Gott regiert anders

Sonntagsbotschaft zum 13. September 2026,
dem 24. Sonntag im Jahreskreis (Lesejahr A).  

Durch die Vielfalt alltäglicher Situationen hindurch gingen sie miteinander. Sie waren auf der Suche nach einem wirklich guten Geist unter den Menschen. Und sie waren überzeugt: Jesus ist uns dabei ein guter Anführer. Gemerkt hatten sie schon, wie wertvoll sich manche schlimme Situation verbessert, wenn sie sich von ihm auf einen Ausweg leiten lassen. Gottes andere Art, seinen menschenfreundlichen Geist suchten sie jetzt, als herrschende Kraft zu erleben – gerade dort, wo Belastungen überhandnehmen und Probleme unlösbar erscheinen.

Da kamen natürlich viele Fragen auf. Das Matthäus-Evangelium erzählt ausgiebig davon.

In dem Abschnitt, der für diesen Sonntag vorgesehen ist, geht es um die Frage: Wenn wir Gottes befreiende Herrschaft bei uns erleben wollen, wie soll das denn gehen, wo wir doch andauernd und immer wieder sehen müssen, wie „verbohrt“, wie „unfähig“, wie „egoistisch“, wie „unmöglich“ … Menschen sich verhalten – in der kleinen Nachbarschaft wie in der großen Politik?! Hier bezieht Petrus seine Frage sogar auf das Miteinander „unter Brüdern“, also in der Glaubensgemeinschaft!

Gespräche zwischen Konfliktparteien wie auch Berichte und Meinungen in öffentlichen Informationsmedien sollten ja eigentlich einer Auflösung von Konflikten dienen. Sie sind aber immer wieder angefüllt von Vorwürfen wie „zerstörerisch“, „kontraproduktiv“ oder „erpresserisch“, „kriminell“, „korrupt“, „unehrlich“ bis „verlogen“, „kurzsichtig“ bis „blind“ … Da wird dann die Versuchung stark, mit Gewalt, mit allen Möglichkeiten der eigenen Durchsetzungskraft allen schuldhaften Verhaltensweisen einen Riegel vorzuschieben.

Auch in der Politik. Schuldzuschreibungen haben Hochkonjunktur – noch dazu in der Sprache der Gewalt.
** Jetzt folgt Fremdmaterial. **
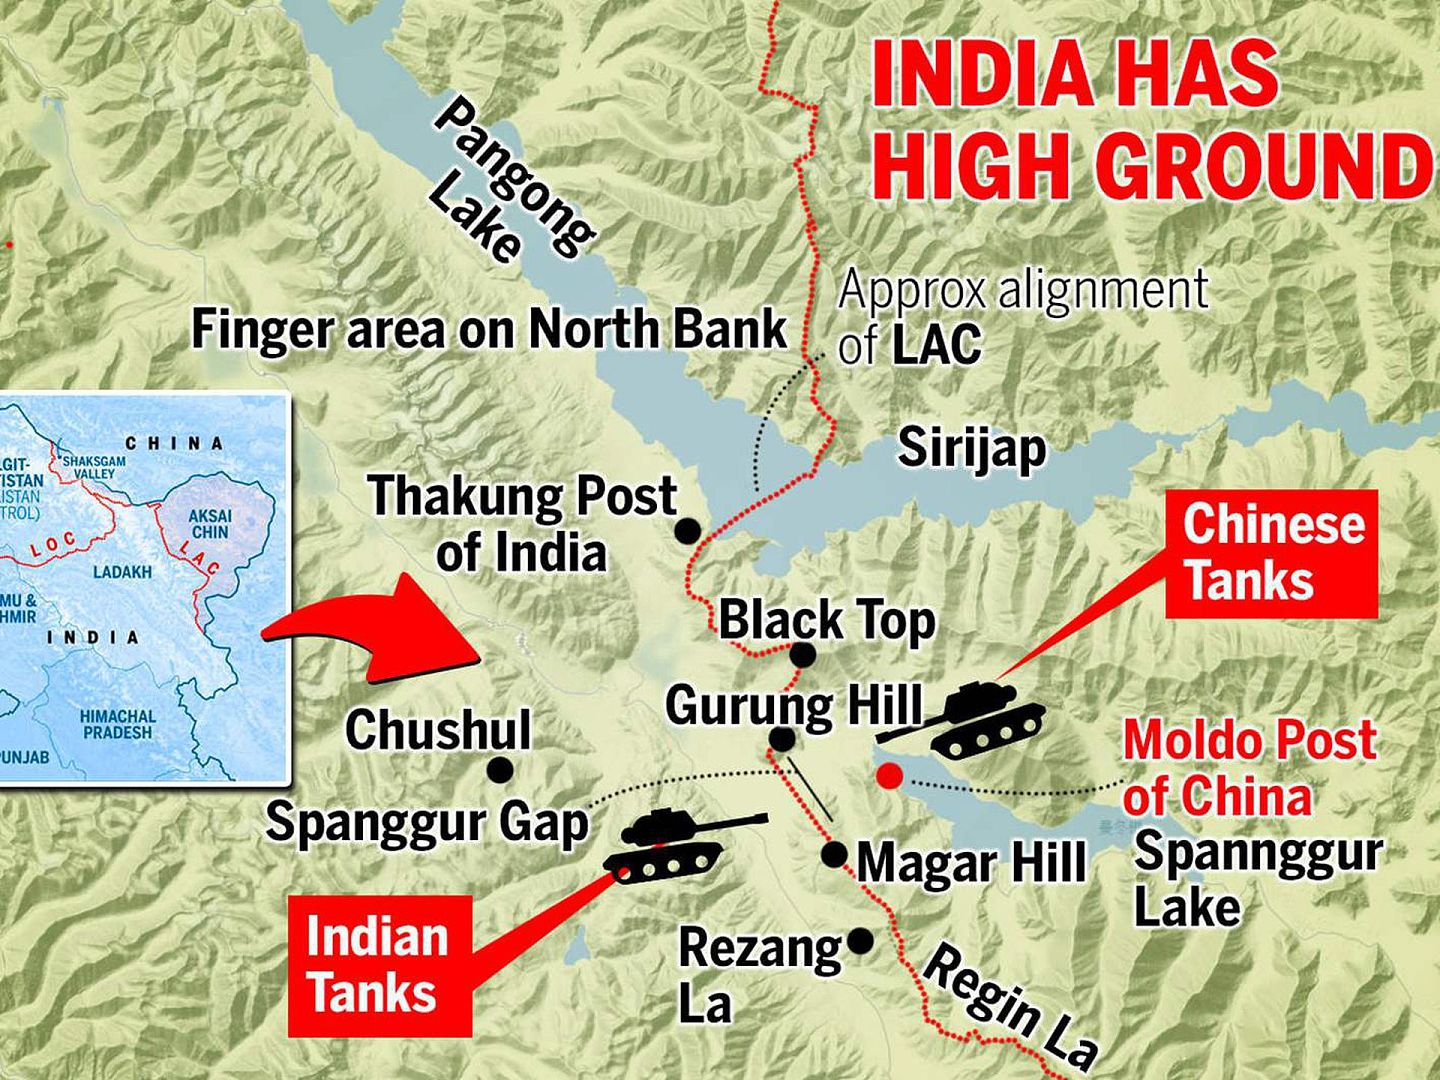 中印军队在班公湖对峙。印度军队8月29日晚采取行动，占领了班公湖南岸关键高地。两军已出动坦克对峙，局势一触即发。（The Times of India）

Statt Zusammenhänge und Motivationen aufzuklären und auf Grundlage gemeinsam anerkannter Werte Auswege zu diskutieren, sind auf allen Seiten die Reaktionsmuster eingeengt auf eine schnelle Verurteilung der anderen Seite.

Da machen die einen Flugzeuge zur Waffe und bringen Tausende zu Tode – in der Hoffnung, dadurch die Welt zu verändern; der 25. Jahrestag macht das bis heute unverminderte Erschrecken bewusst.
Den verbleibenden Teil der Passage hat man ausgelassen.